Tuesday, July 9, 2013

How, What, and When to Patch



How an enterprise decides to manage patch administration probably varies based on who is doing it, the maturity of the Vulnerability Management program, and the business’ tolerance of maintenance windows.  In my opinion patching should be broken into four categories:

(1)  Infrastructure.  This would be servers, devices, applications that are used by IT and can be patched with no impact to business users or business processes.   This patching can be accomplished as often as necessary, but monthly will probably work out the best.

(2)  Servers / Operating Systems.  This category includes the Windows and / or Linux servers in the environment.  This is where IT management needs to get a recurring maintenance window from the business that is always available for IT to use whether it is needed or not.   In my humble opinion this window should be available weekly.   While we are probably not going to patch weekly, this windows can be used to fix application problems, apply emergency / critical patches, etc…   Server patching probably can’t be performed more that quarterly because you will need time to test patches in the non-prod environment.

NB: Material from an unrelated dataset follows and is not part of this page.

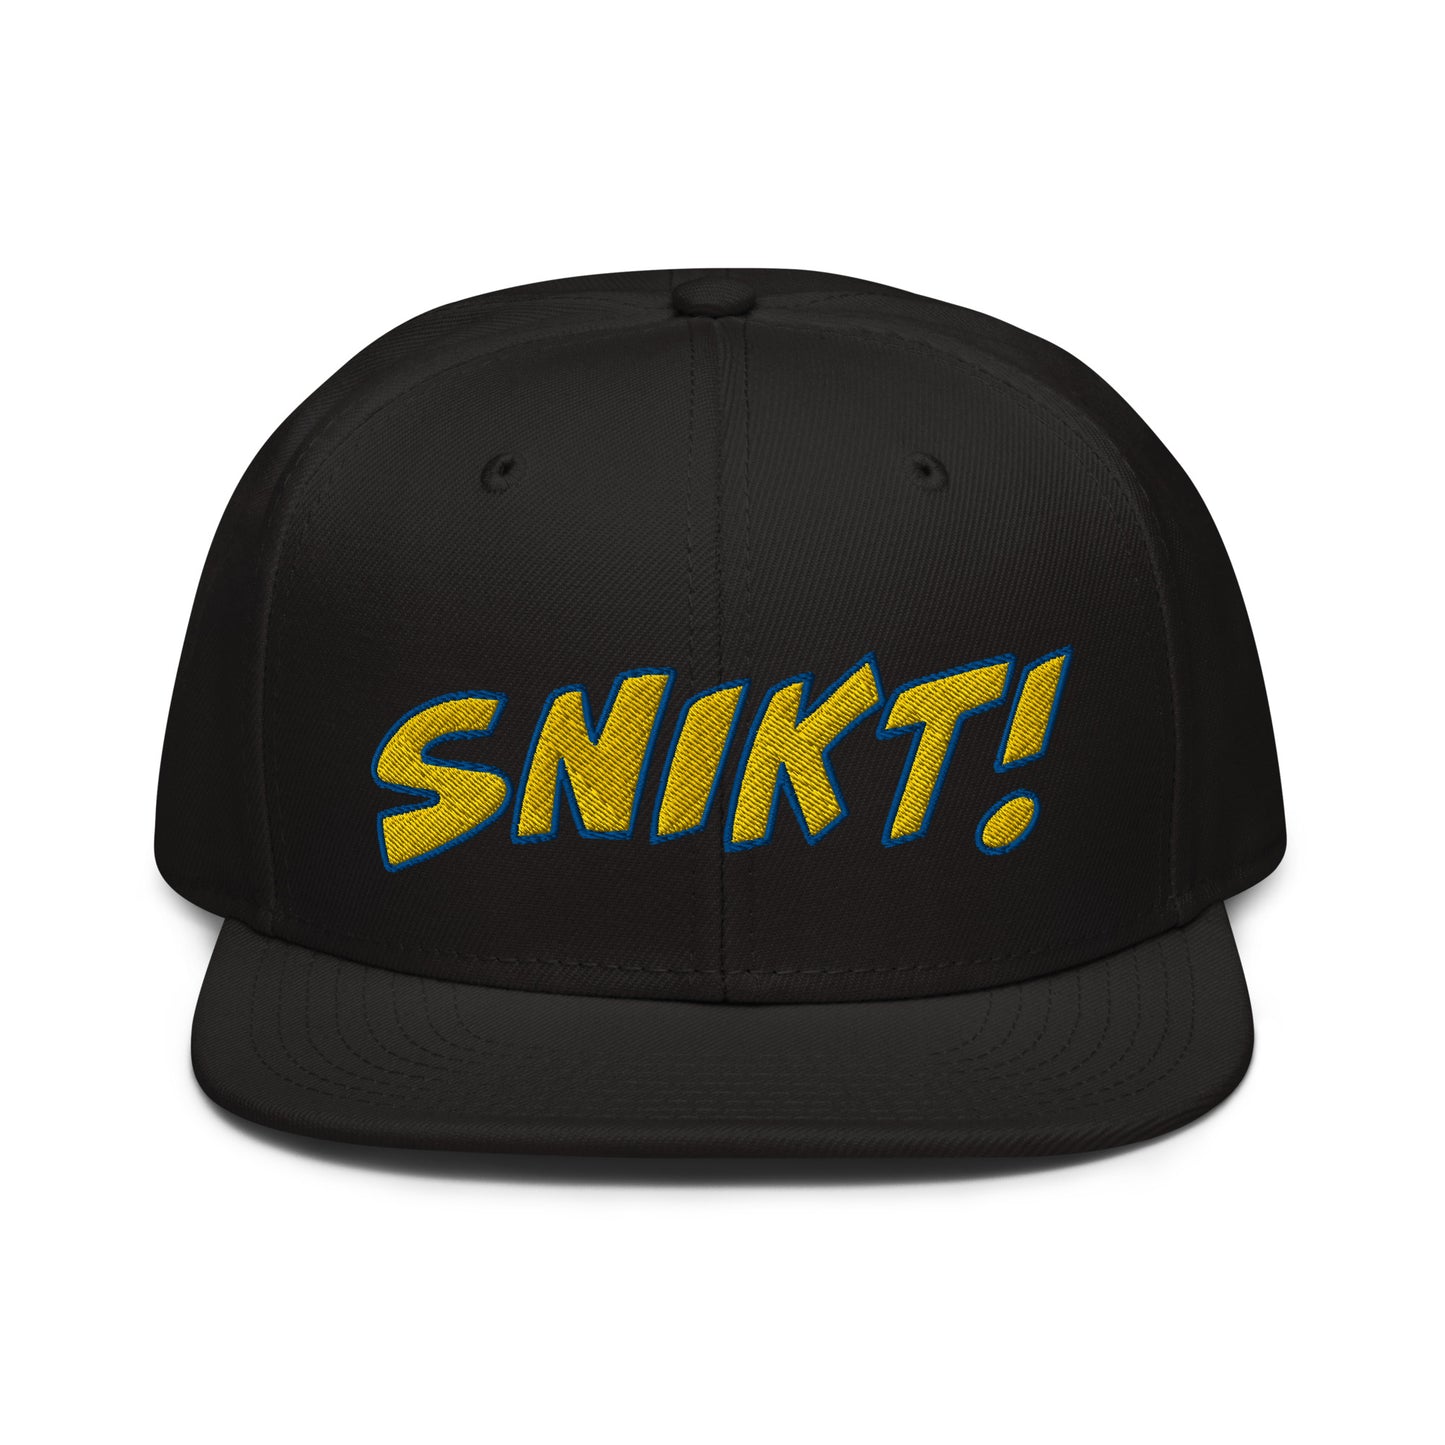 SNIKT! snapback hat

(3)  Applications.   This category includes business applications such as ERP systems, HR systems, etc…   These systems should be patched during the maintenance window arranged by IT management above.  How often this patching occurs will depend on the business’ desire because it will take good amount of resources to test the patches and identify any impacts on systems that may feed or receive data from the patched system.   Twice a year maybe the best case scenario; once a year maybe the answer the schedule that works best for the business.

(4)  Workstations.  This is where the biggest risk may be located for the enterprise.  While the endpoint security (anti-virus, anti-malware, etc…) should be updating daily, OS patching should be applied monthly.  If a standard desktop image is used, testing should be pretty straightforward and a reboot by users once a month isn’t to much to ask.

No matter what schedule an enterprise decides on, the key is management buy-in and communications to the user community.   Once the schedule is set, stick to it and only deviate in rare and unique situations.